The Volatility Contraction Pattern (VCP) shows progressively smaller price swings as ATR declines, signaling that the market is absorbing supply and preparing for a significant directional breakout.
The Bearish Abandoned Baby is one of the rarest and most reliable top reversal patterns in candlestick analysis. It features a doji that is completely isolated by gaps on both sides, signaling an abrupt and dramatic shift from buying to selling pressure.
The Bearish Advance Block shows three consecutive bullish candles with progressively smaller bodies and longer upper shadows, signaling that buying momentum is weakening and a reversal or consolidation is likely.
Pro Tips & Common Mistakes
Pro Tips
- The outside bar is the key candle — it sweeps liquidity on both sides and sets the breakout range
- Trade the IOI breakout in the direction of the prevailing trend for highest probability
- The second inside bar's close position provides a directional clue — a close near the upper half favors upside
- Volume sequence should follow the pattern: quiet, loud, quiet, LOUD for optimal setups
- Use the tight stop (second inside bar boundary) for aggressive risk-reward ratios of 3:1 or better
Common Mistakes
- Entering during the outside bar when volatility is highest and stops are being swept
- Failing to recognize that the outside bar is a liquidity event, not a directional signal
- Using stops that are too tight within the second inside bar range
- Ignoring the trend context when choosing breakout direction
- Missing the pattern because the outside bar looks like a reversal rather than part of a three-candle structure
Advanced Techniques
- Use the outside bar's high and low as the key liquidity levels — these become significant support/resistance after breakout
- Monitor order flow during the outside bar to determine which side absorbed more aggressive orders
- Combine with the 'fakey' concept: if the initial breakout fails, trade the reversal through the opposite side
- Layer the IOI with Bollinger Band squeeze for the highest conviction breakout setups
Institutional Perspective
The IOI is a textbook institutional play.
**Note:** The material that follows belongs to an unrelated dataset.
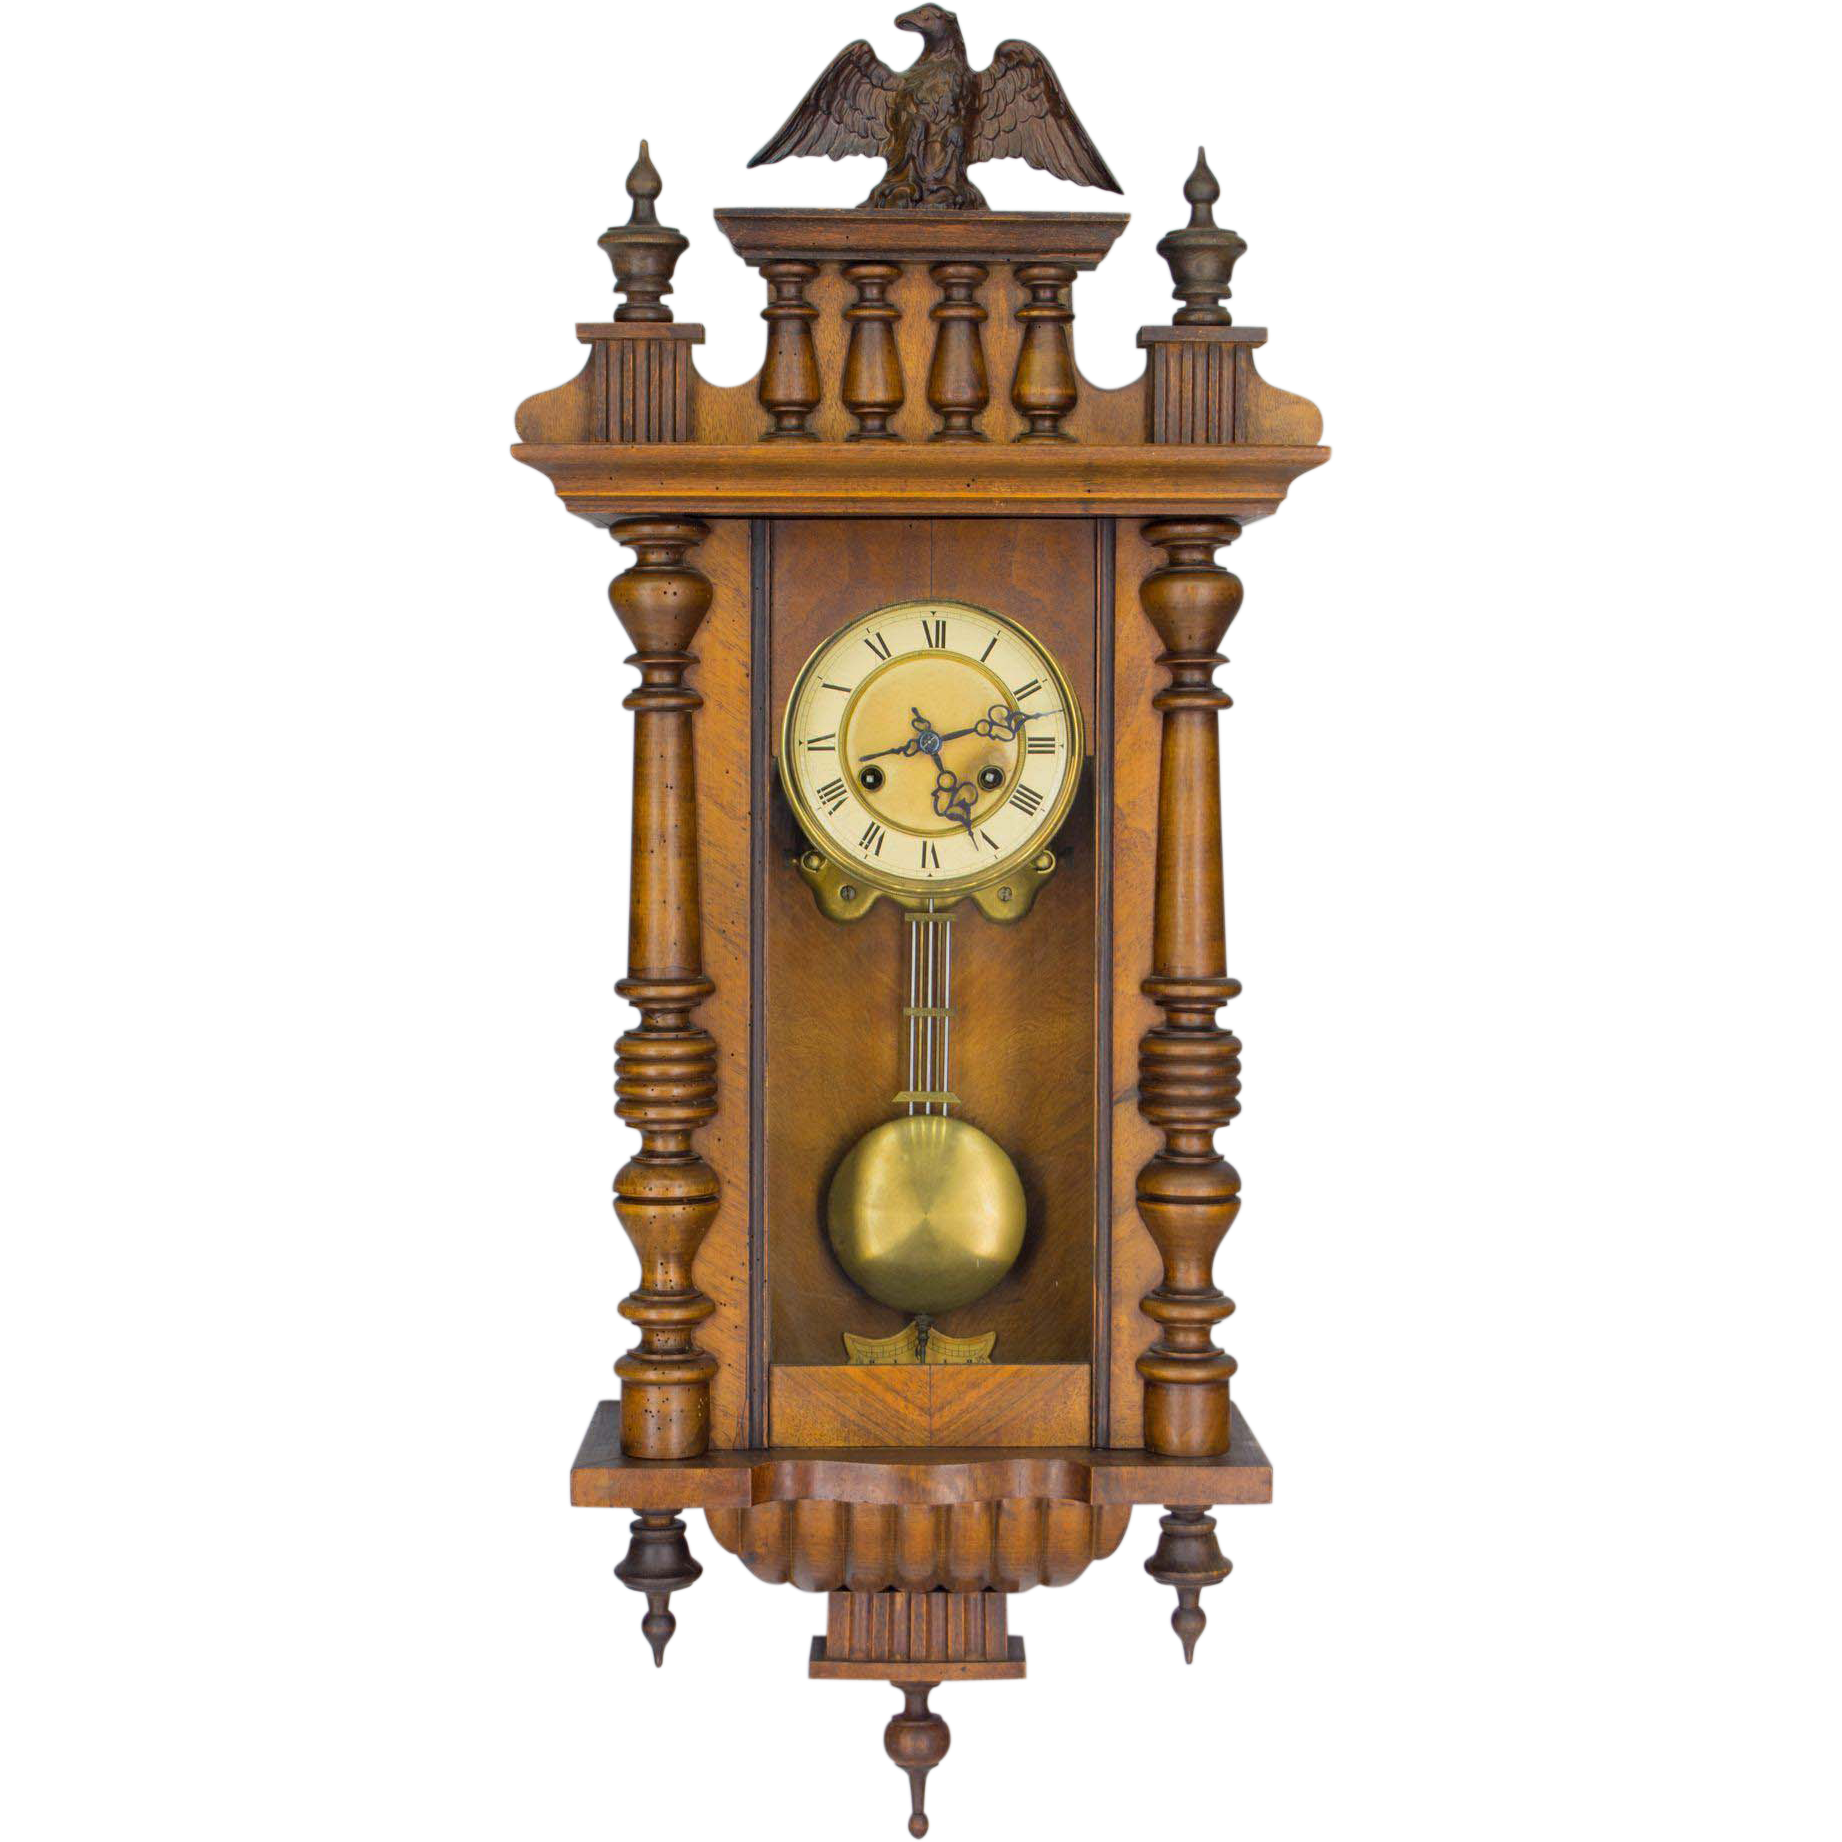 Swiss Regulator Or Wall Clock From Ofleury On Ruby Lane

The outside bar is often engineered to sweep retail stops on both sides, creating the liquidity needed for large institutional orders. The second inside bar represents the final accumulation phase before the markup. Watch for unusual options activity during IOI formation.
Fun Facts
- The IOI pattern is sometimes called the 'institutional shakeout' pattern because the outside bar is believed to trigger stops on both sides before the real move begins.
- Professional trader Linda Raschke referenced compression-expansion-compression dynamics as one of the most reliable setups in her trading career.
- The IOI pattern appears roughly once every 20-30 daily candles in major forex pairs, making it uncommon enough to be significant but frequent enough to be tradable.
Frequently Asked Questions
The IOI is a three-candle pattern: an inside bar, followed by an outside bar that exceeds the first candle's range, followed by another inside bar within the outside bar's range. It signals compression-expansion-compression before a breakout.
The outside bar sweeps liquidity on both sides, clearing weak positions. The second inside bar shows the market has absorbed this volatility. The resulting breakout tends to be cleaner because the liquidity has already been harvested.
Trade in the direction of the prevailing trend for the highest probability. The close position of the second inside bar can also provide a directional clue.